Scars have the strange power to remind us our past is real, wrote Cormac McCarthy. For a time, Glencore chose to turn its back on its colourful history as a miner and trader active in countries where corruption is rife. Now newish boss Gary Nagle is attempting to recognise and atone for that past.

The London-listed miner has provisioned $1.5bn for potential fines and settlements. These could result from official probes into allegations of bribery and market manipulation.

Glencore no longer portrays itself as a gung-ho adventurer. Its narrative now describes a sustainable miner producing materials for electric vehicles and even backing UK battery-maker Britishvolt. It has convinced the City that holding on to dirty thermal coal assets enables a sensible rundown. Simply selling them would only sweep the carbon under the rug, it suggests.
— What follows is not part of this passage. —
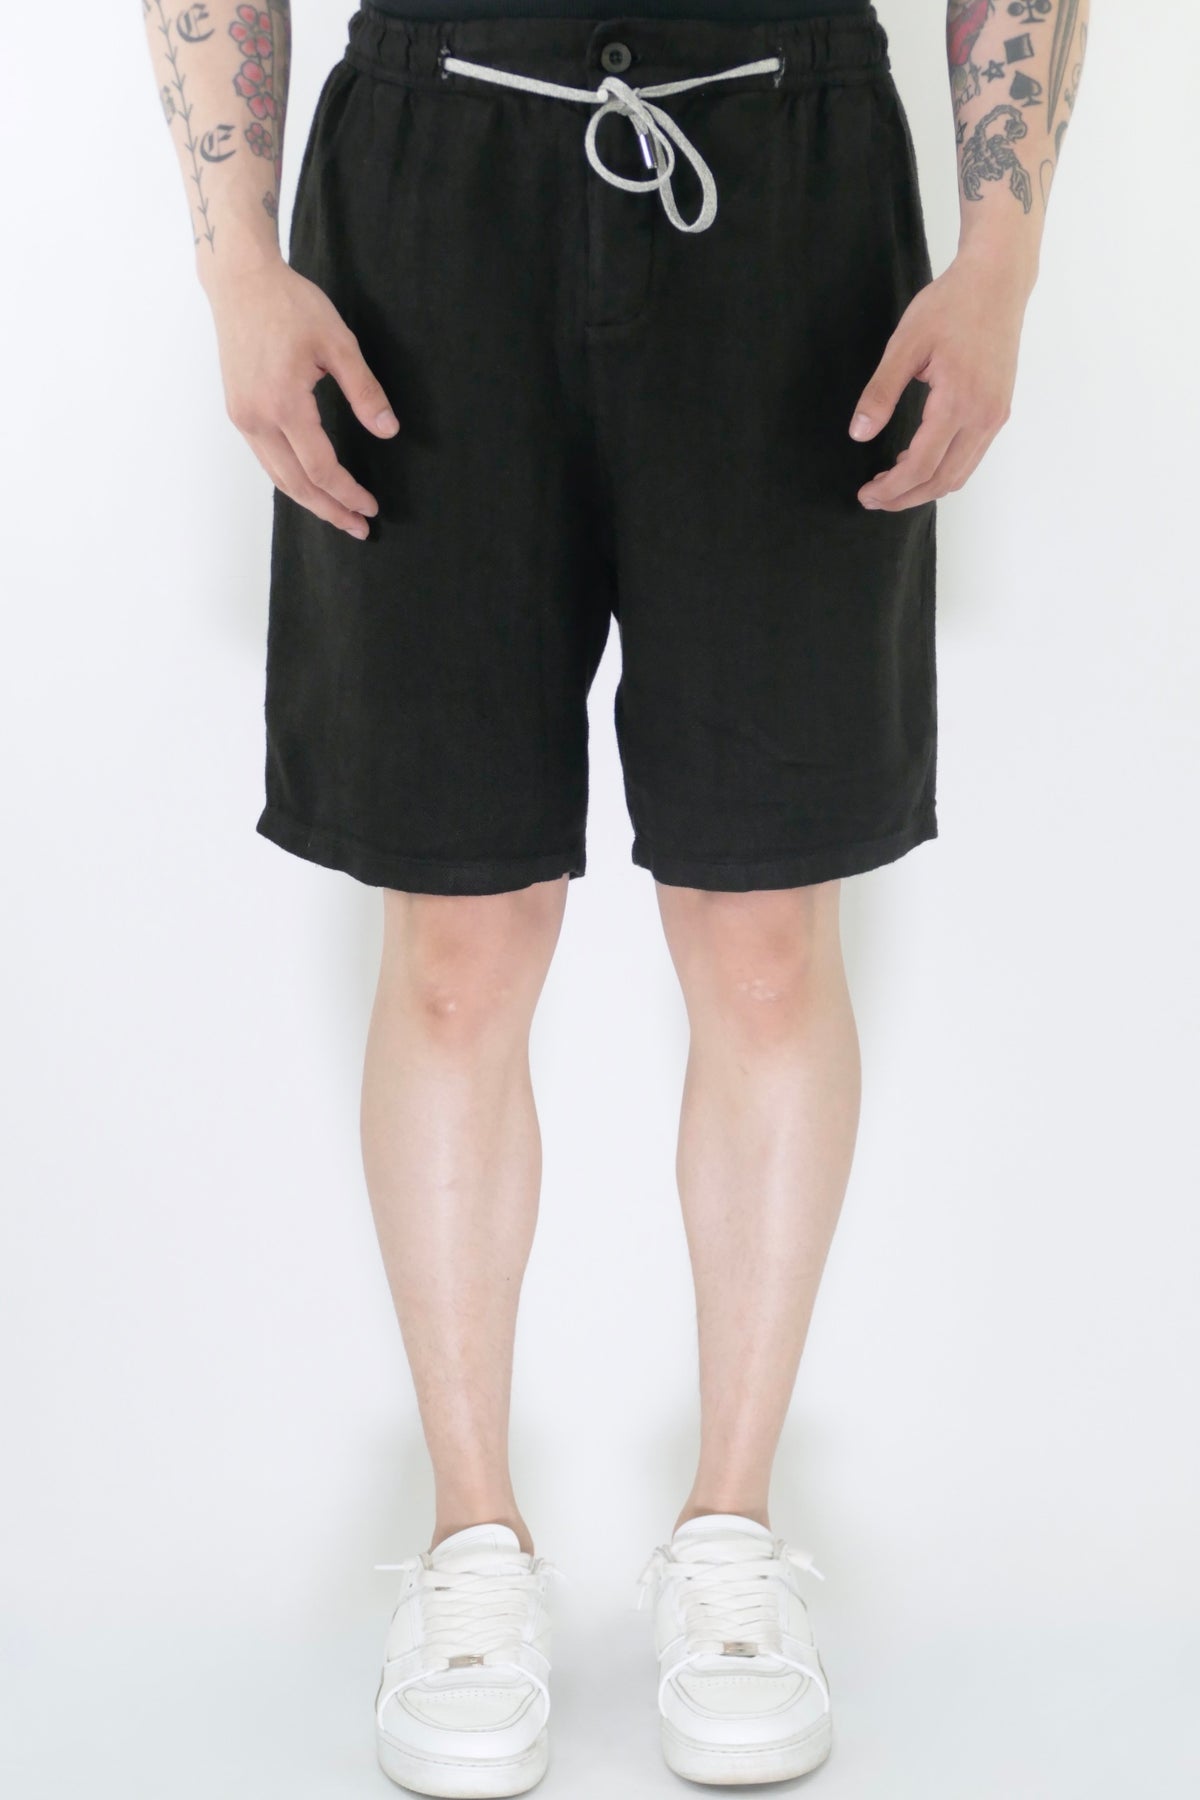 Athoa Herringbone Bermuda Shorts - Black

That tale jars with the image of a miner under investigation for bribery and market manipulation by the US Department of Justice and relevant agencies in the UK, Brazil, Switzerland and the Netherlands. Formally owning up to the potential for fines and settlements reduces the dissonance, pointing to years of quiet negotiations with watchdogs and prosecutors. Glencore says $1.5bn is its best estimate. Some analysts anticipated potential costs of two to three times that amount.

Glencore can afford to put money aside given a huge increase in profits and cash flow last year. The group more than trebled free cash flow to $13bn after dividends, leaving room for extra returns to shareholders. Payouts of $4bn, including buybacks, were above the Visible Alpha consensus. That, combined with the modest provision, boosted the shares on a day when stocks of rivals were faltering.

What made the difference was Glencore’s mining side. This doubled ebitda to $17.1bn. The trading arm increased ebitda by just over a tenth. Viterra, the agricultural business owned in a joint venture with two Canadian pension funds, is not consolidated in Glencore group accounts. Last year, it generated roughly $2.2bn of ebitda, worth about $11bn of enterprise value even on the miner’s current low multiple, points out RBC. Bankers will hope for an initial public offering worth even more.

That would give shareholders an upbeat announcement to look forward to. The findings of official probes will make less cheerful reading. They may include detail more damaging to the group’s reputation than to its finances. Until these documents have been published, Glencore cannot claim to have drawn a line under its past.